Now, different political masters, some of the same methodology. If you feel that they are condemning Christendom, maybe the temporal form over here needs some smacking around.
Two years for a 50-second protest.
Jul '11
Re: A Brutal Day in Russia
One more example on how the church and the state function in Russia.
In the Orthodox tradition, at midnight of Easter, you have a ceremony where you take all the icons out of the church, stand outside, and then the doors are ceremoniously opened, an allegory to rolling the rock from the tomb away to find Jesus is gone (I'm Lutheran, but my brother-in-law is Estonian Orthodox, and when the Easter calendars link up, we go to the Estonian Orthodox church in Tallinn's Old Town, and also go to the Russian Orthodox church, too, because those people know how to PARTY).
An aside: Lileks visited my home church this summer, in Freedom Square, and I missed his trip. Bummer.
Back on topic - a church opened in Moscow about, say about 10 years ago. It costs millions. It's beautiful; I've been on the grounds. It has huge gold-laced domes.

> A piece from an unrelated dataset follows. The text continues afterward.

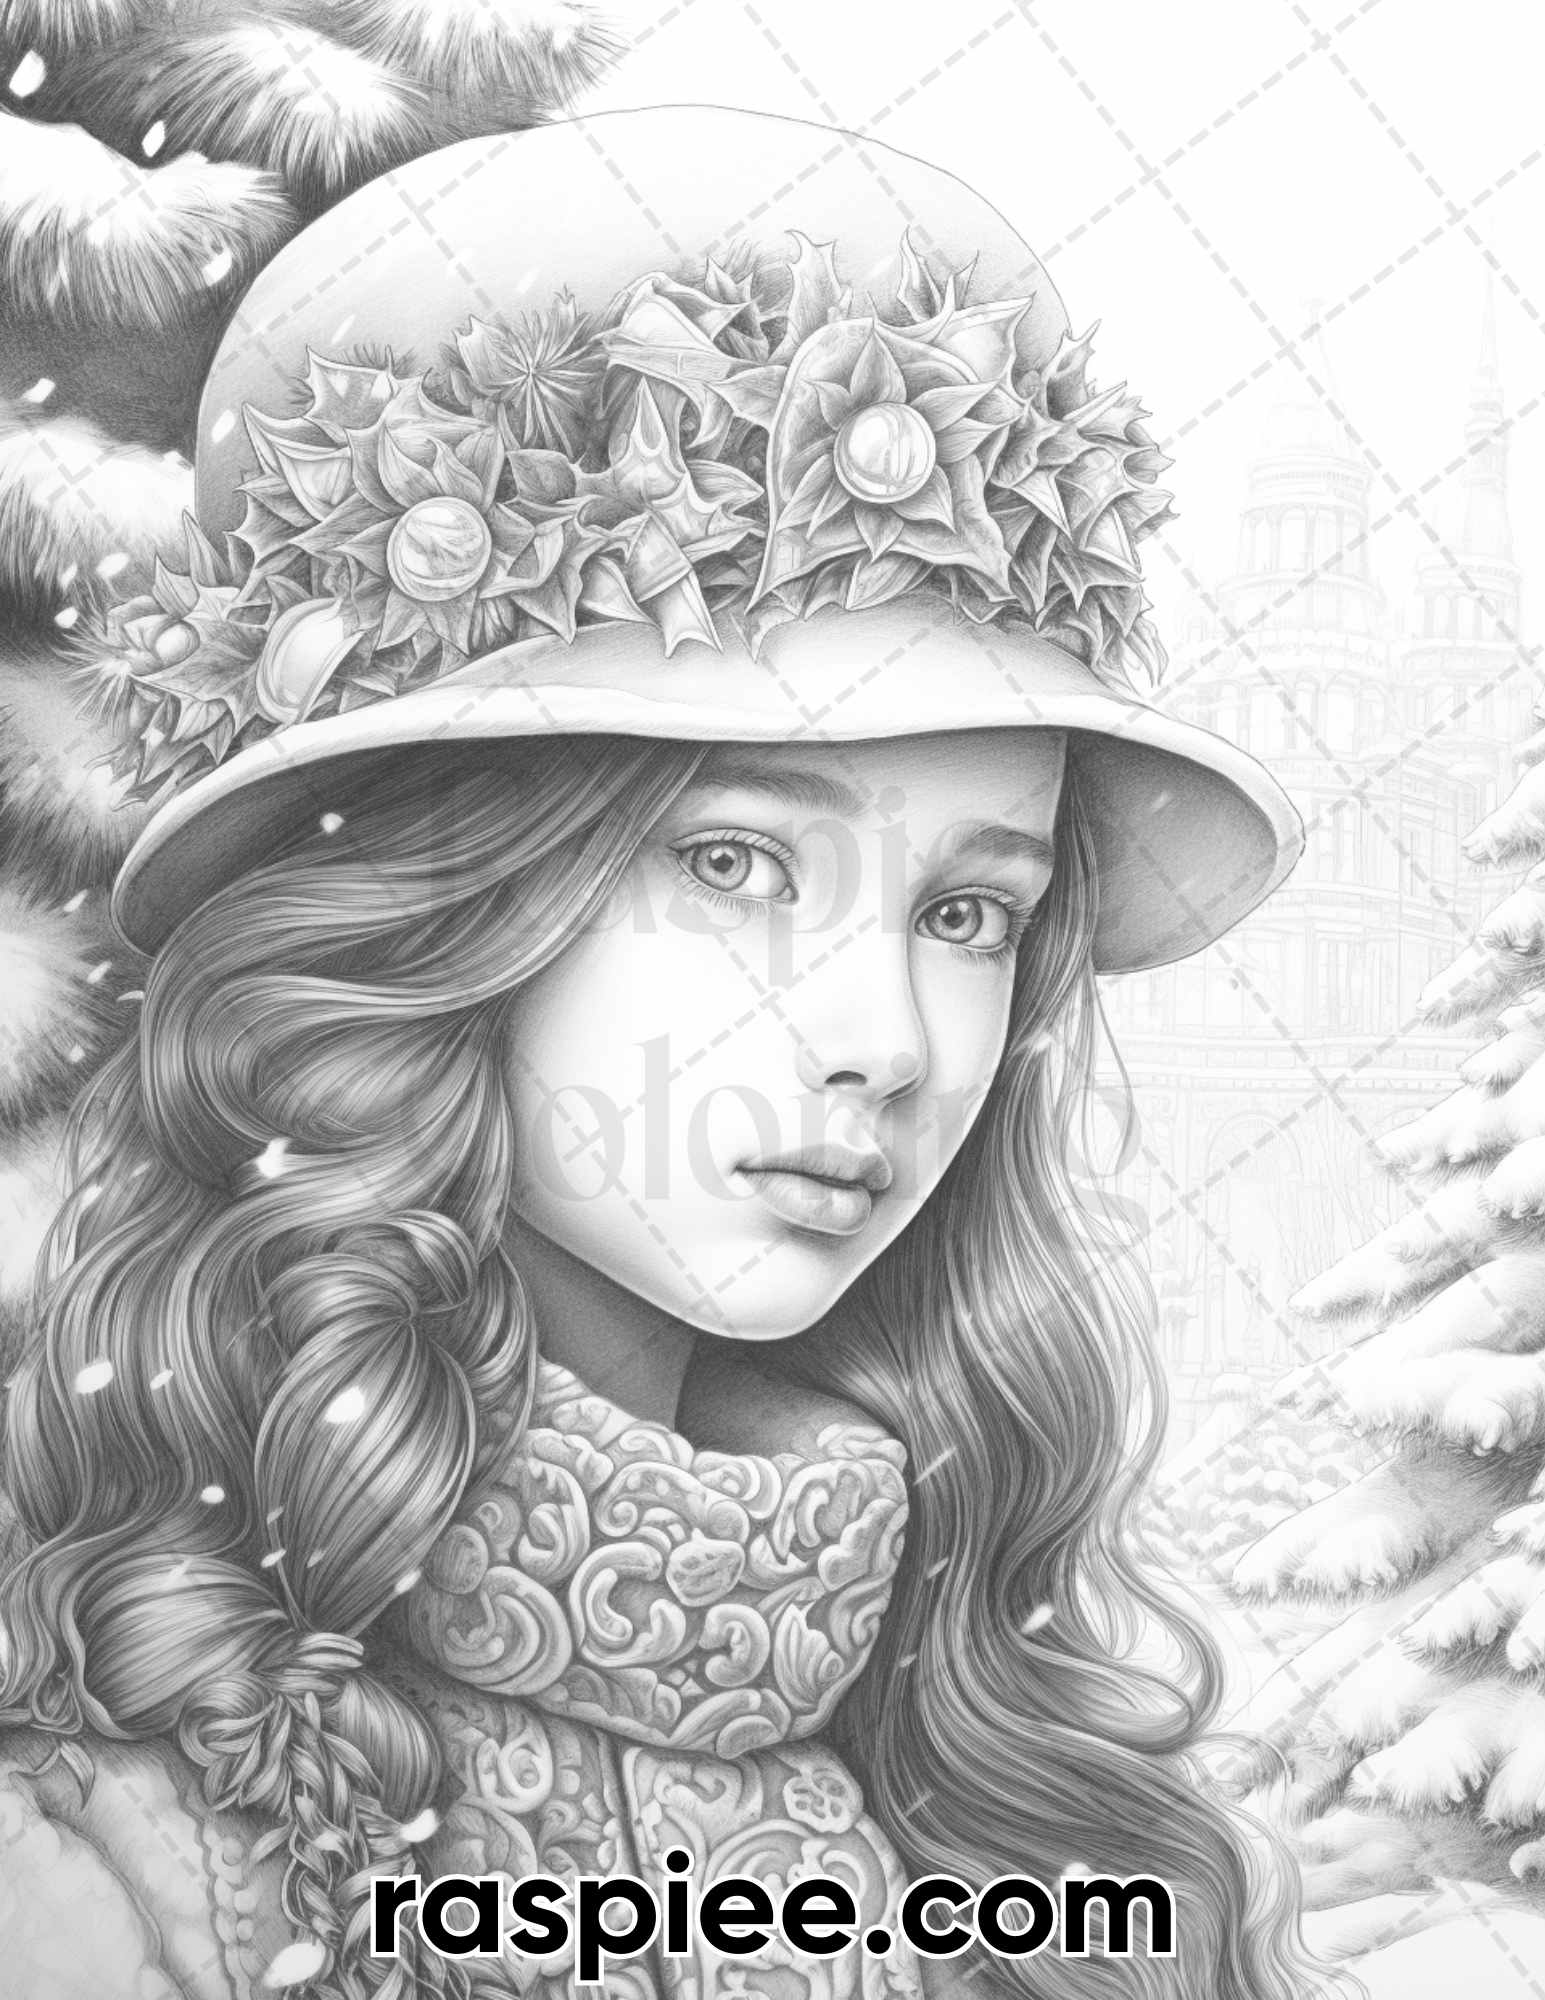 Victorian Christmas Girls Coloring Pages, Vintage Girls Coloring Activity, Portrait Coloring Pages for Adults, Christmas Coloring Pages for Adults, Xmas Coloring Pages, Christmas Coloring Book Printable, Portrait Coloring Book, Victorian Coloring Pages, Grayscale Coloring Pages

Come Easter, on Russian national television, they do the traditional opening. When they open the doors to the church at midnight, they find - Vladimir Putin.
Think about that.
Feb '12
Re: A Brutal Day in Russia
EstoniaKat: One more example on how the church and the state function in Russia.
Back on topic - a church opened in Moscow about, say about 10 years ago. It costs millions. It's beautiful; I've been on the grounds. It has huge gold-laced domes. Come Easter, on Russian national television, they do the traditional opening. When they open the doors to the church at midnight, they find - Vladimir Putin.
Think about that. · 0 minutes ago
Yikes! On a number of levels, that is really disturbing. Not to make light, but I hope he's at least wearing a shirt.